**What is required:**
Give the lines below again, exactly as they stand, and leave out the images.

**Given material:**
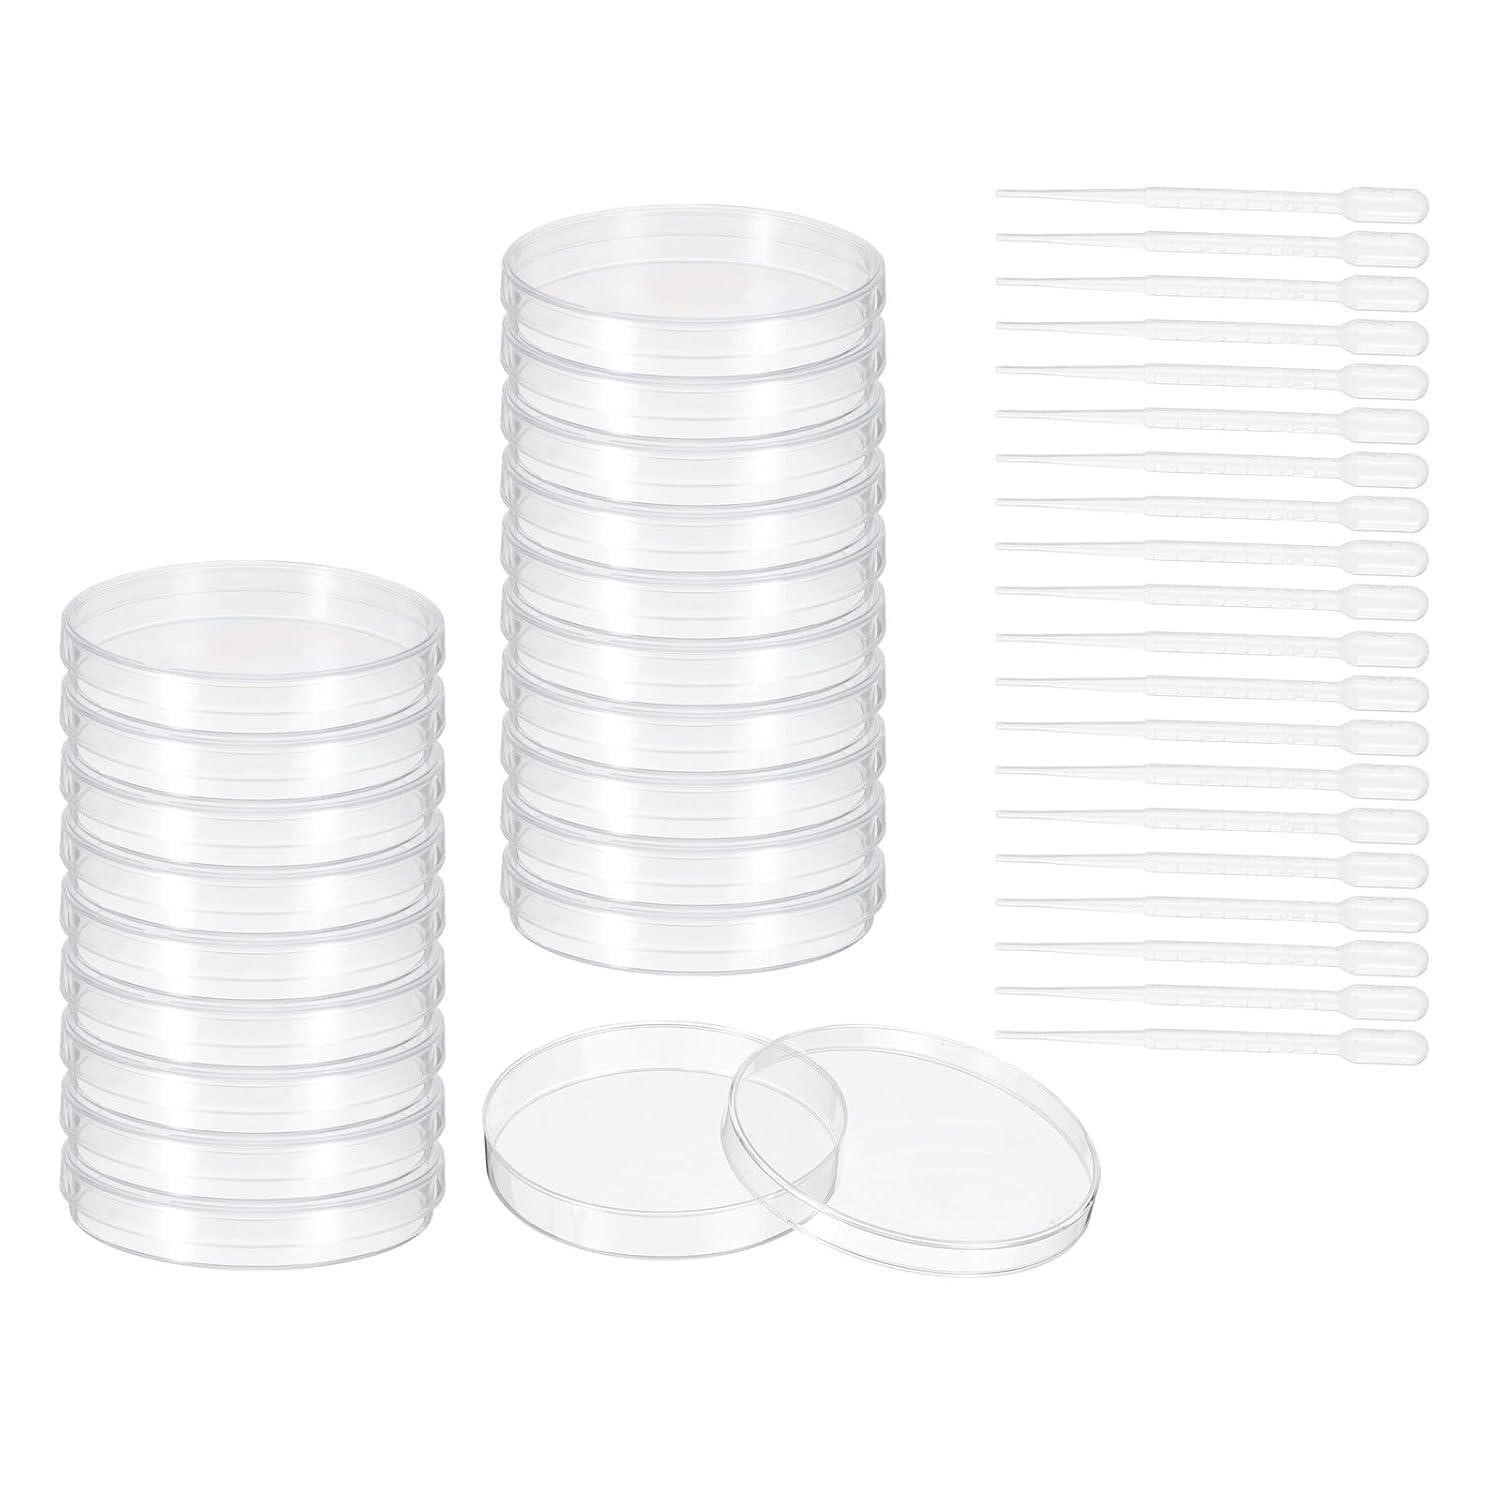 SEALED-90mm Plastic Petri Dishes x2
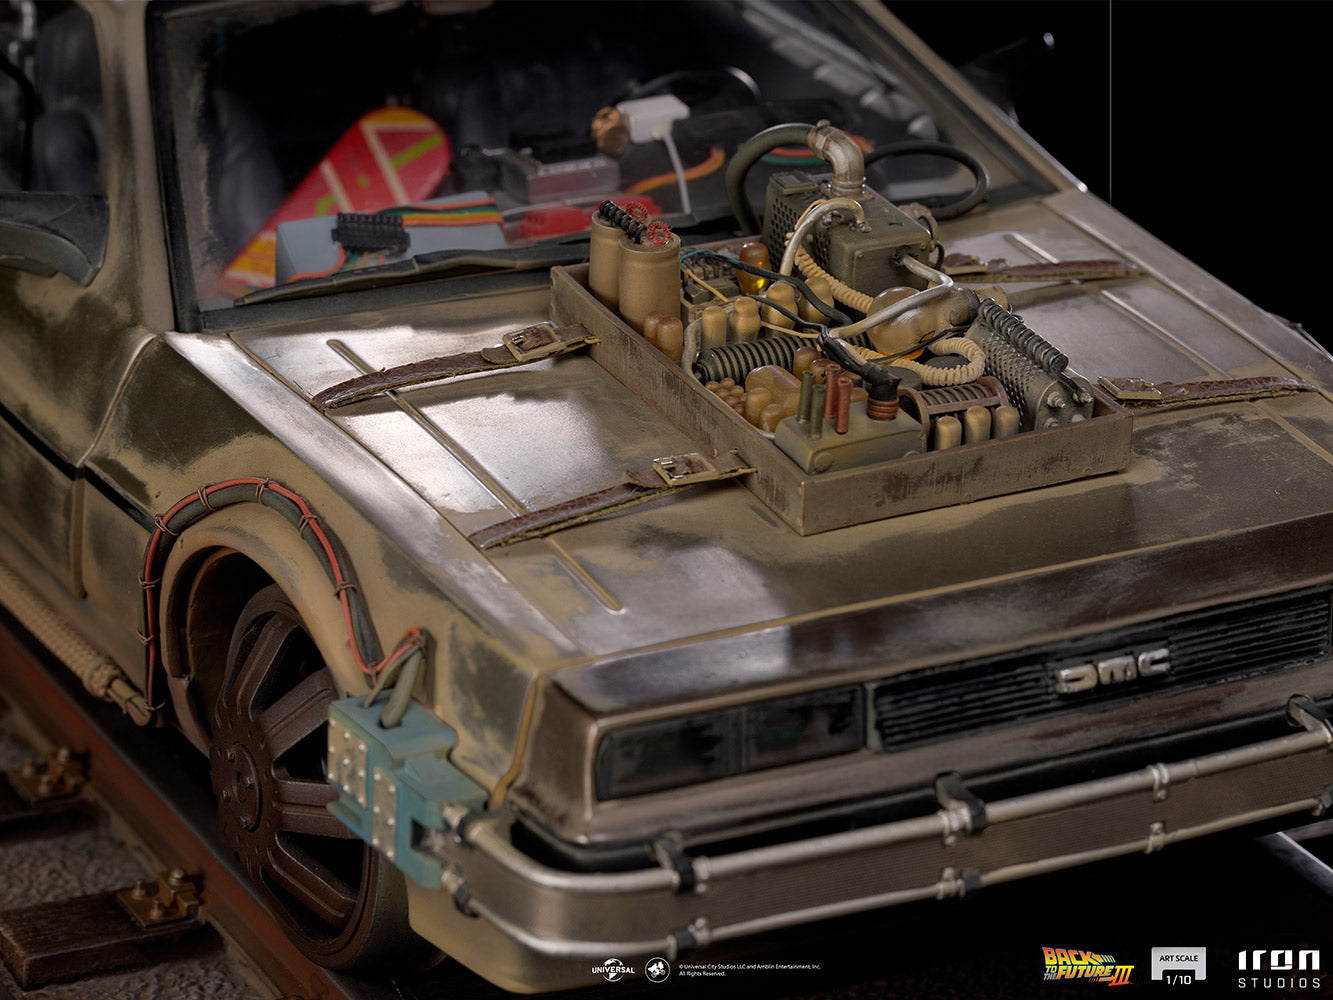 IRON Studios: Volver al Futuro Parte III - DeLorean Escala de Arte 1/10
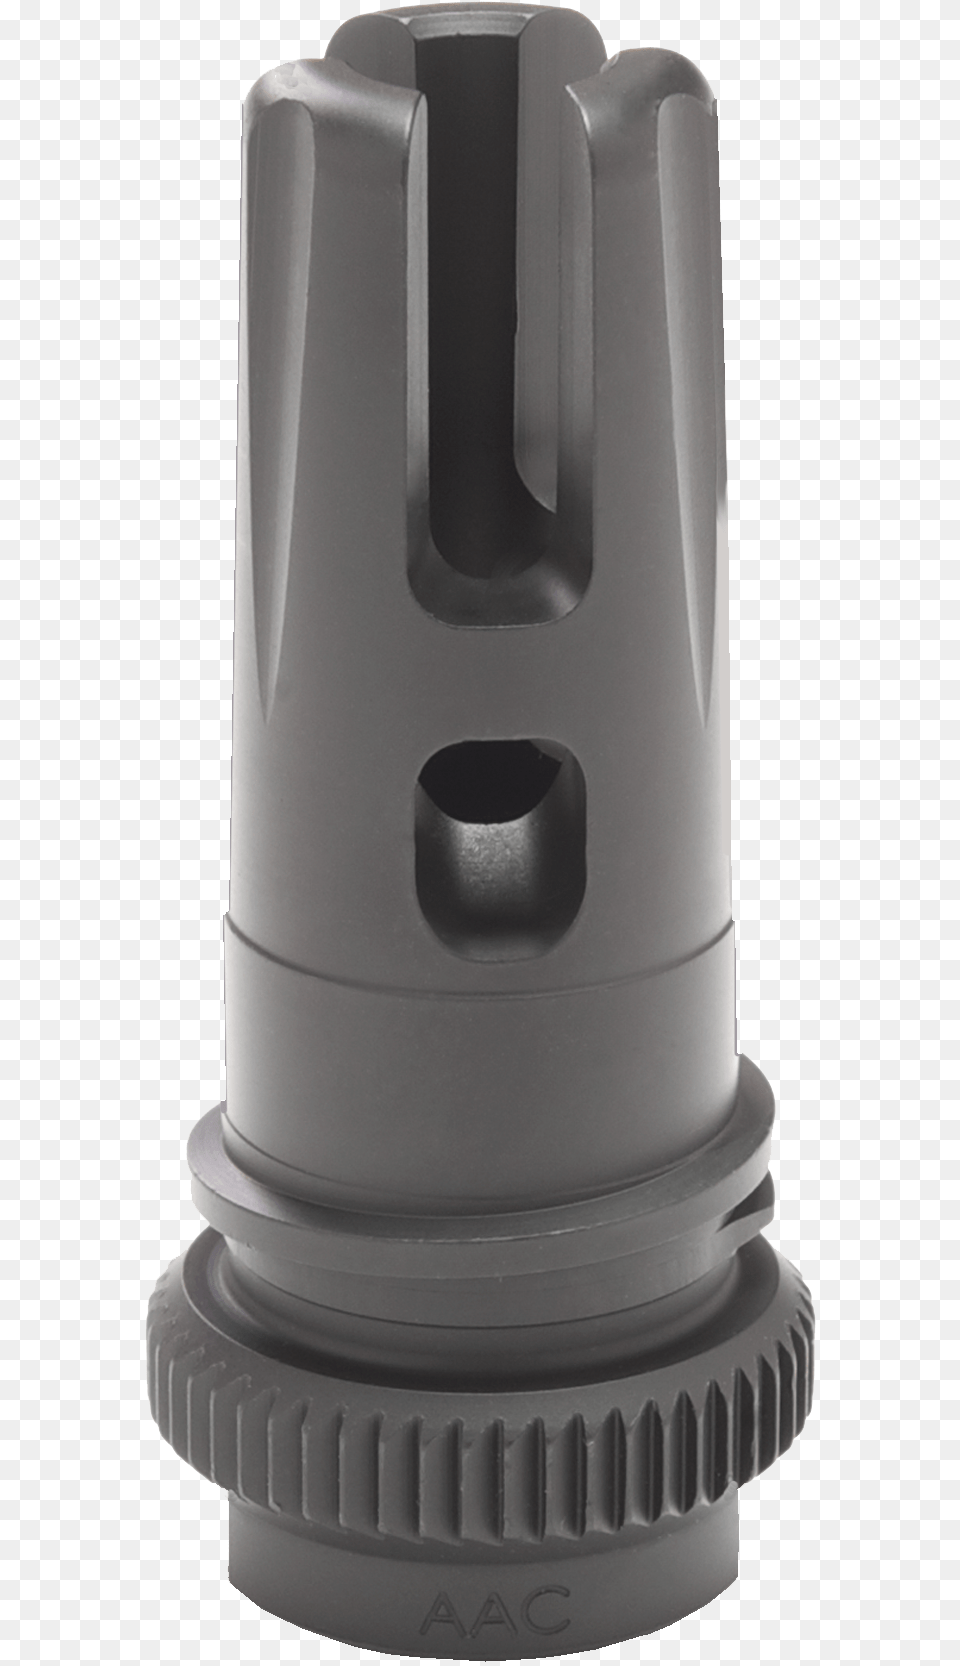 Advanced Brakeout Compensator Aac Muzzle Brake, Lamp, Machine Png Image

**Answer for the task:**
 SEALED-90mm Plastic Petri Dishes x2
 IRON Studios: Volver al Futuro Parte III - DeLorean Escala de Arte 1/10
 Advanced Brakeout Compensator Aac Muzzle Brake, Lamp, Machine Png Image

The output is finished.